No strong seasonal patterns or significant differences between sites, biocrusts and bare soils, or seasons were detected in extractable nutrient ratios. Due to undetected EN and EP, certain ratios were excluded from the following comparisons. Grape biocrust EC:EN ranged from 3 to 18, while Grape bare soil EC:EN ranged from 7 to 15. Citrus biocrust EC:EN ranged from 3 to 13, while Citrus bare soil EC:EN ranged from 1 to 10. Grape biocrust EN:EP ranged from 0.05 to 3, while Grape bare soil EN:EP ranged from 0.2 to 0.6. Citrus biocrust EN:EP ranged from 0.2 to 4, while Citrus bare soil EN:EP ranged from 0.2 to 2. Highest average Grape biocrust EC:EN was in winter (11.2 ± 1.89), while the lowest Grape biocrust EC:EN was in summer (4.9 ± 1.07). Highest average Citrus biocrust EC:EN was in fall (9.1 ± 1.98), while the lowest Citrus biocrust EC:EN was in summer (4.86 ± 1.07). Highest average Grape biocrust EN:EP was in spring (0.9 ± 1.12), while the lowest Grape biocrust EN:EP was in summer (0.4 ± 0.22).

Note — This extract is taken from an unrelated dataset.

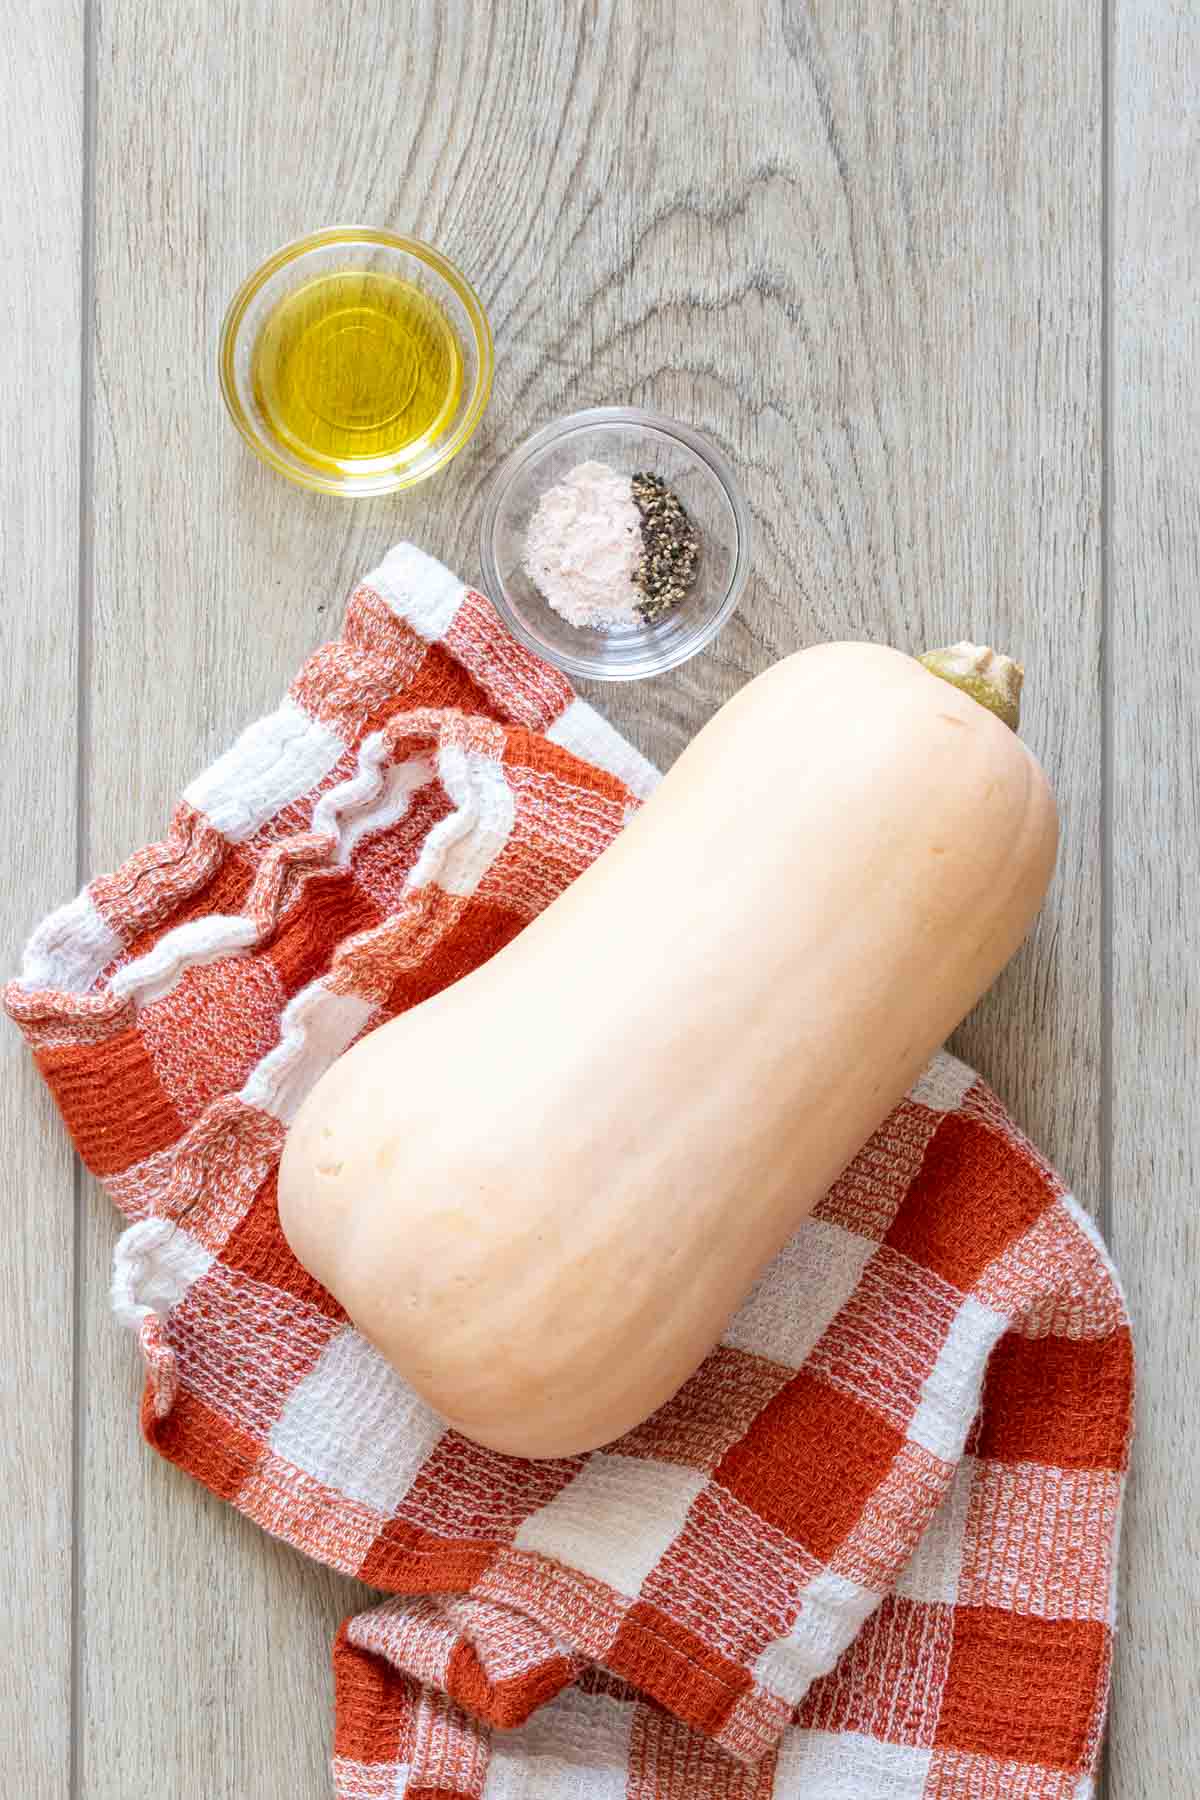 A butternut squash next to two glass bowls of oil and salt and pepper.

Highest average Citrus biocrust EN:EP was in spring (1.8 ± 1.23), while the lowest Citrus biocrust EN:EP was in summer (0.8 ± 0.33) (Table 1).

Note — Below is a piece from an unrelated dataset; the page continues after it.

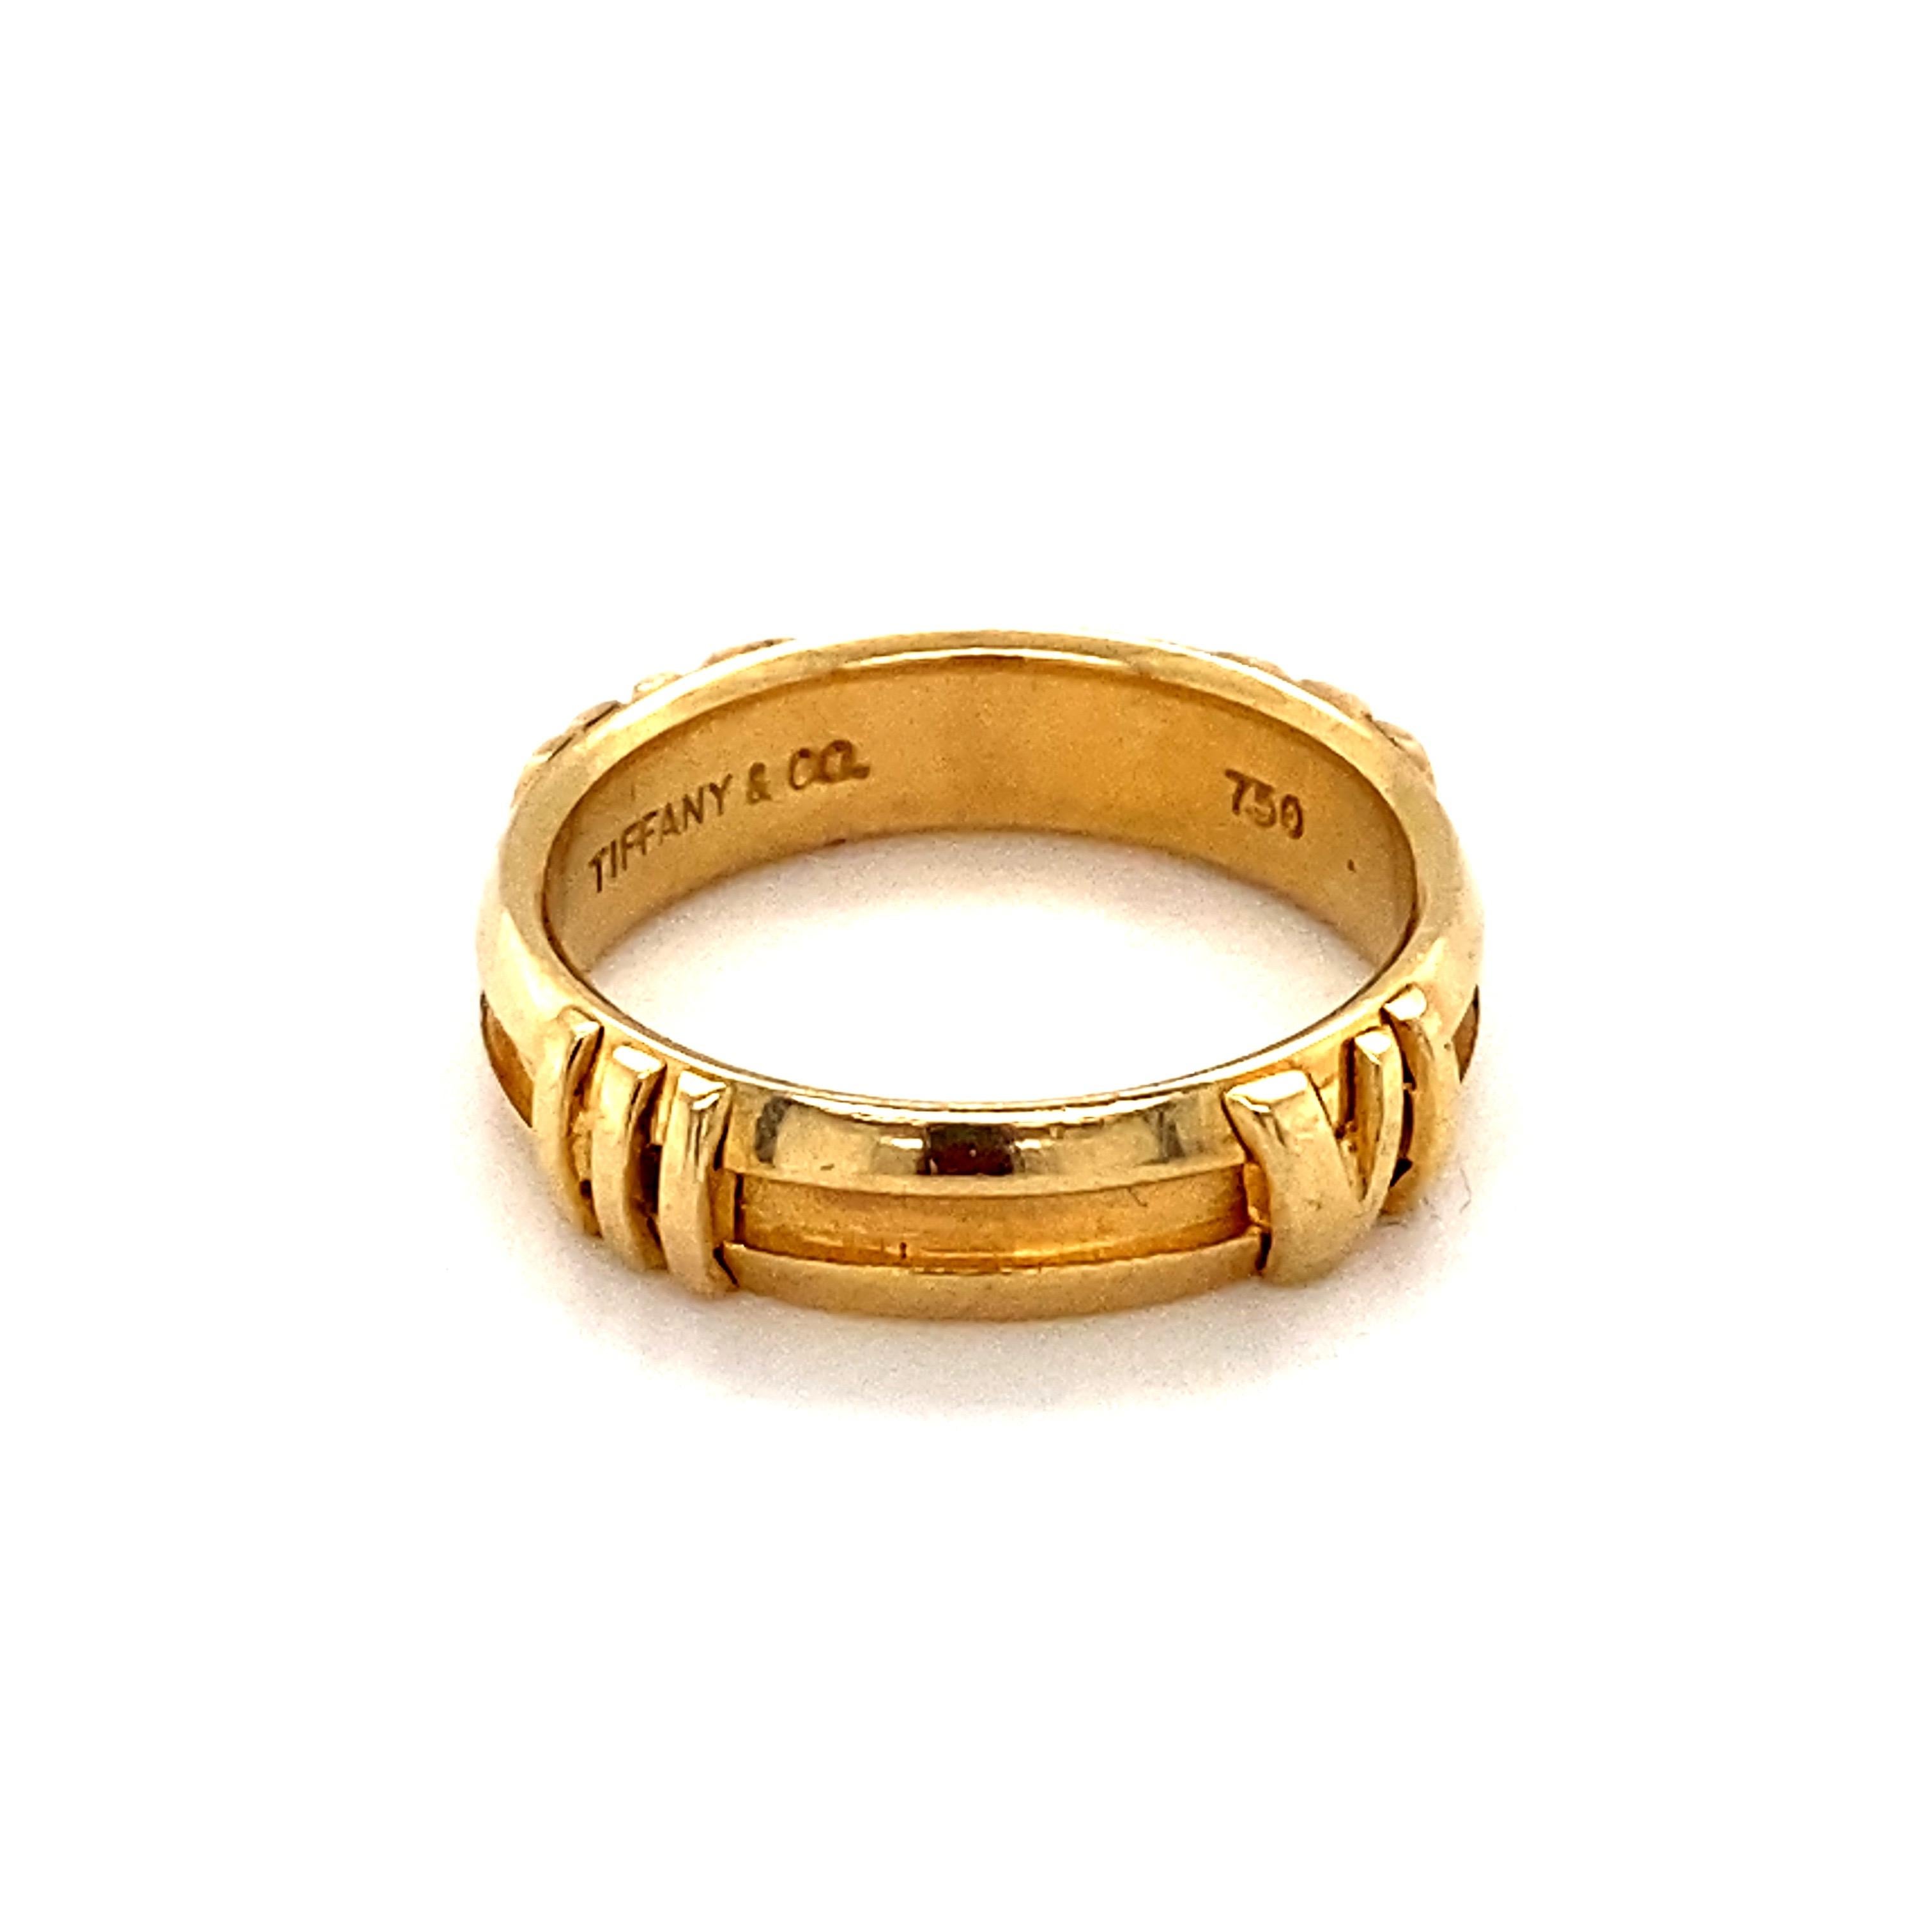 This beautiful gold band by famed jewelry company Tiffany & Co is part of the Atlas collection. Designed with Roman numerals and brushed gold, this band is a stunning piece that can be worn by all genders. It is stamped with 750 and the maker's

Variation in actively N-fixing biocrusts in Grape and Citrus was explained by the variation in environmental conditions, nutrients, biomass, and acetylene reduction rates. Biotic variables (MBC, MBN, MBC:MBN), nutrient variables (EC, EN, EP, EC:EN, EN:EP, EC:EP), acetylene reduction rates, and environmental variables (soil moisture, soil temperature) measured in N₂-fixing biocrusts were included in the PCA. At Grape, MBC:MBN, extractable nutrients, extractable nutrient ratios, and soil moisture were significant drivers of variation, as indicated by the significance of loadings (Supplementary Table 3). Based on significant loading, PC1 in Grape may represent nutrients, PC2 may represent N₂-fixation activity, and PC3 may represent microbial biomass. At Citrus, microbial biomass, MBC:MBN, EC, EN, EC:EP, EN:EP EC:EN, and temperature were significant drivers of variation (Supplementary Table 2). Based on significant loading, Citrus PC1 may represent nutrients and microbial biomass carbon, PC2 may represent N₂-fixation activity, and PC3 may represent microbial biomass nitrogen, nutrients, and environmental variables.

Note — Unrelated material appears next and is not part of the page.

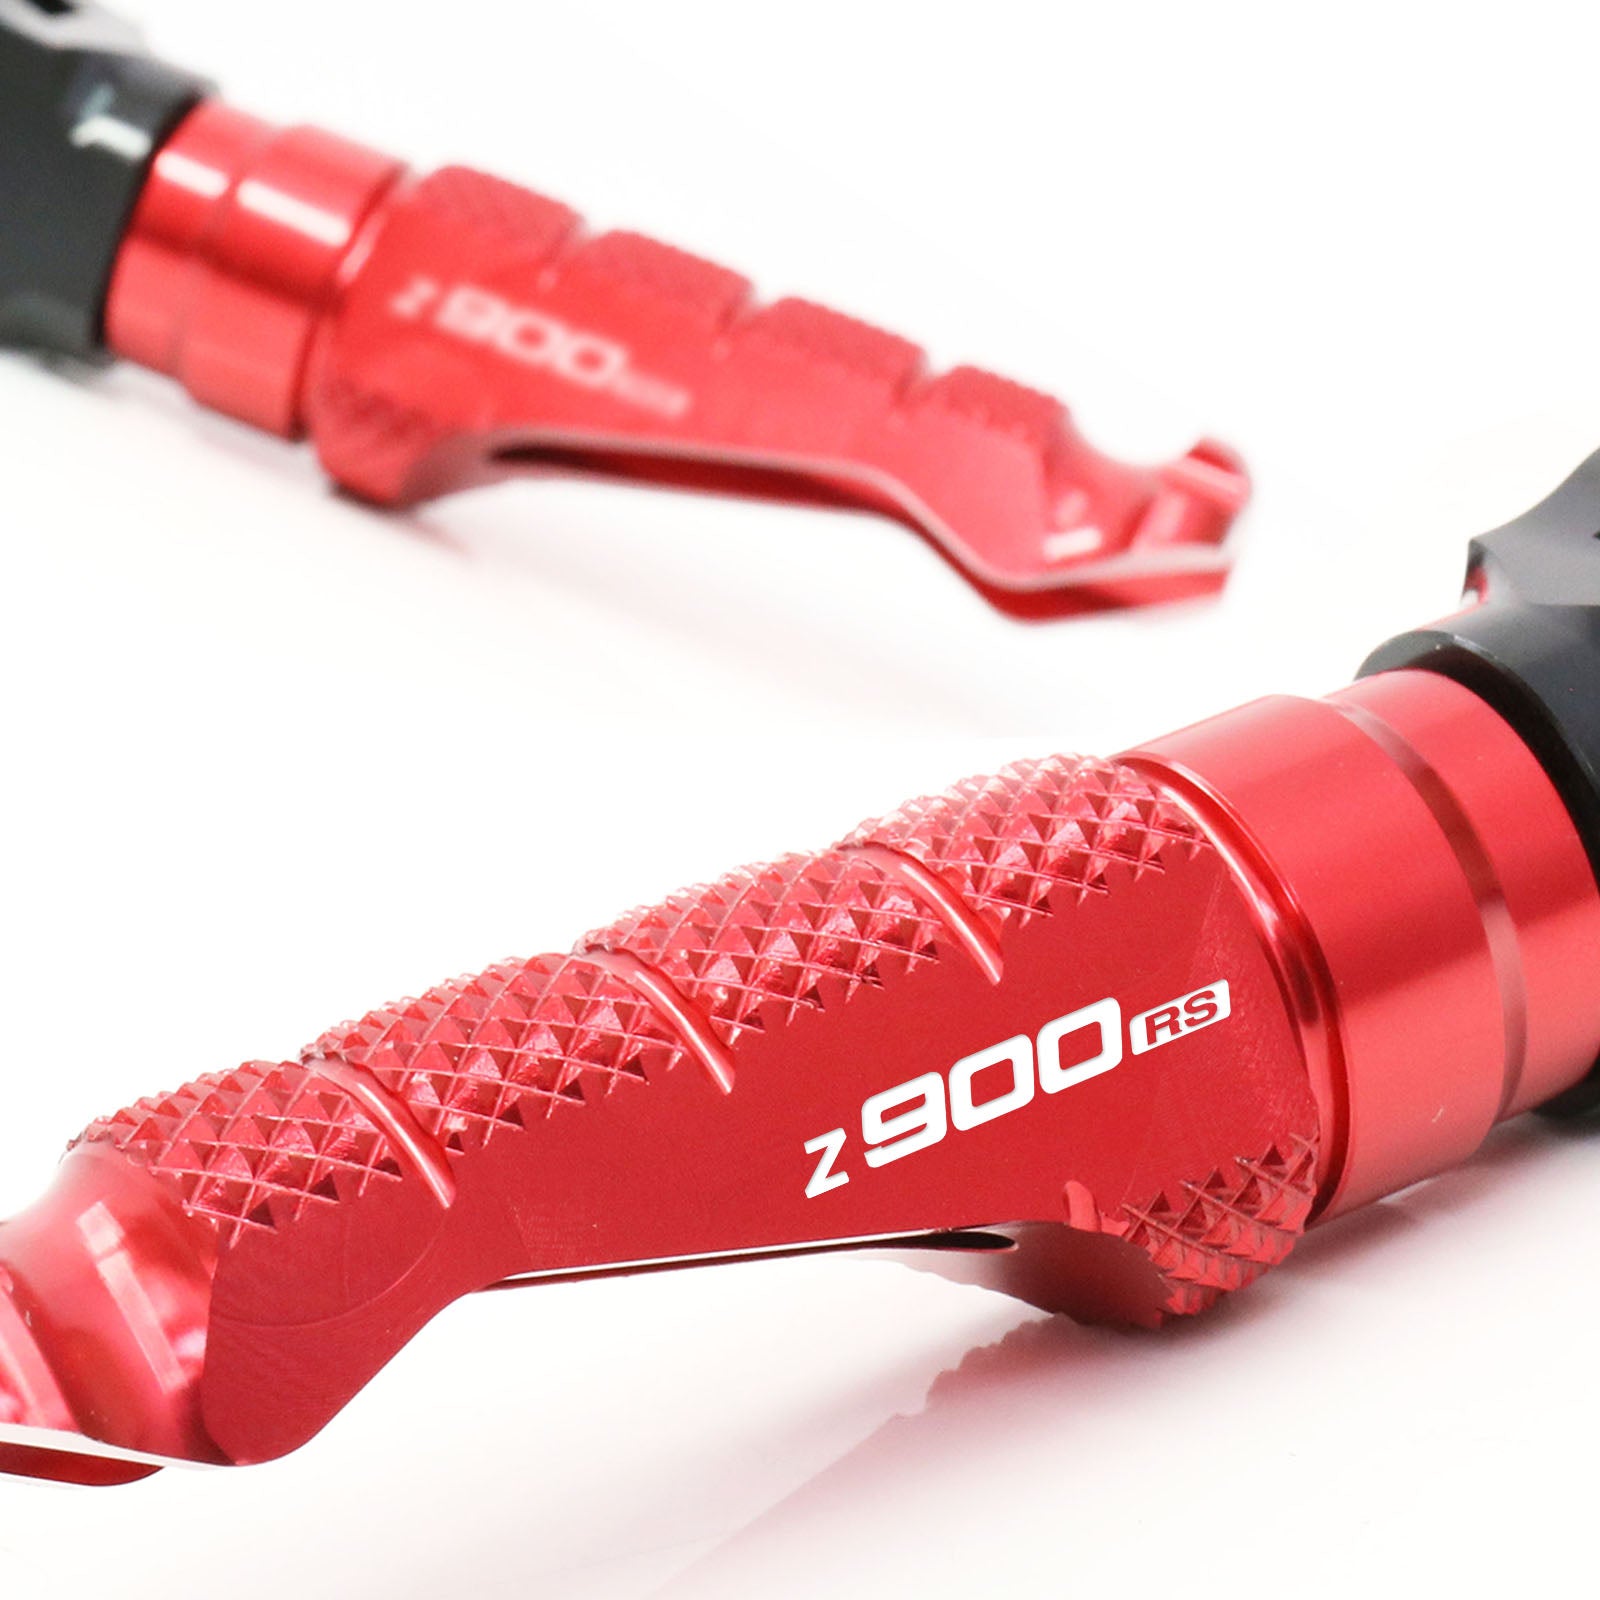 Kawasaki Z900RS Caf?Racer logo engraved front Red Foot Pegs

Actively N₂-fixing biocrust samples in Grape (46%) and Citrus (29%) were significantly separated based on the season (Supplementary Table 4). N₂-fixing biocrust samples in summer significantly differed from the fall and winter seasons in both Grape and Citrus (Supplementary Table 4). Grape summer samples were significantly different from fall and winter samples mainly because of higher EC, EN, MBC:MBN, EN:EP, and EC:EP but lower EC:EN (PC1); and higher acetylene reduction rates, soil moisture, and EP, but lower EC:EN (PC2, Supplementary Table 3). Citrus summer samples were significantly different from fall and winter samples mainly because of lower MBC, EC, EN, EN:EP, and EC:EP (PC1); and lower acetylene reduction rates, MBC:MBN, and EC:EN but higher soil temperatures (PC2, Supplementary Table 3).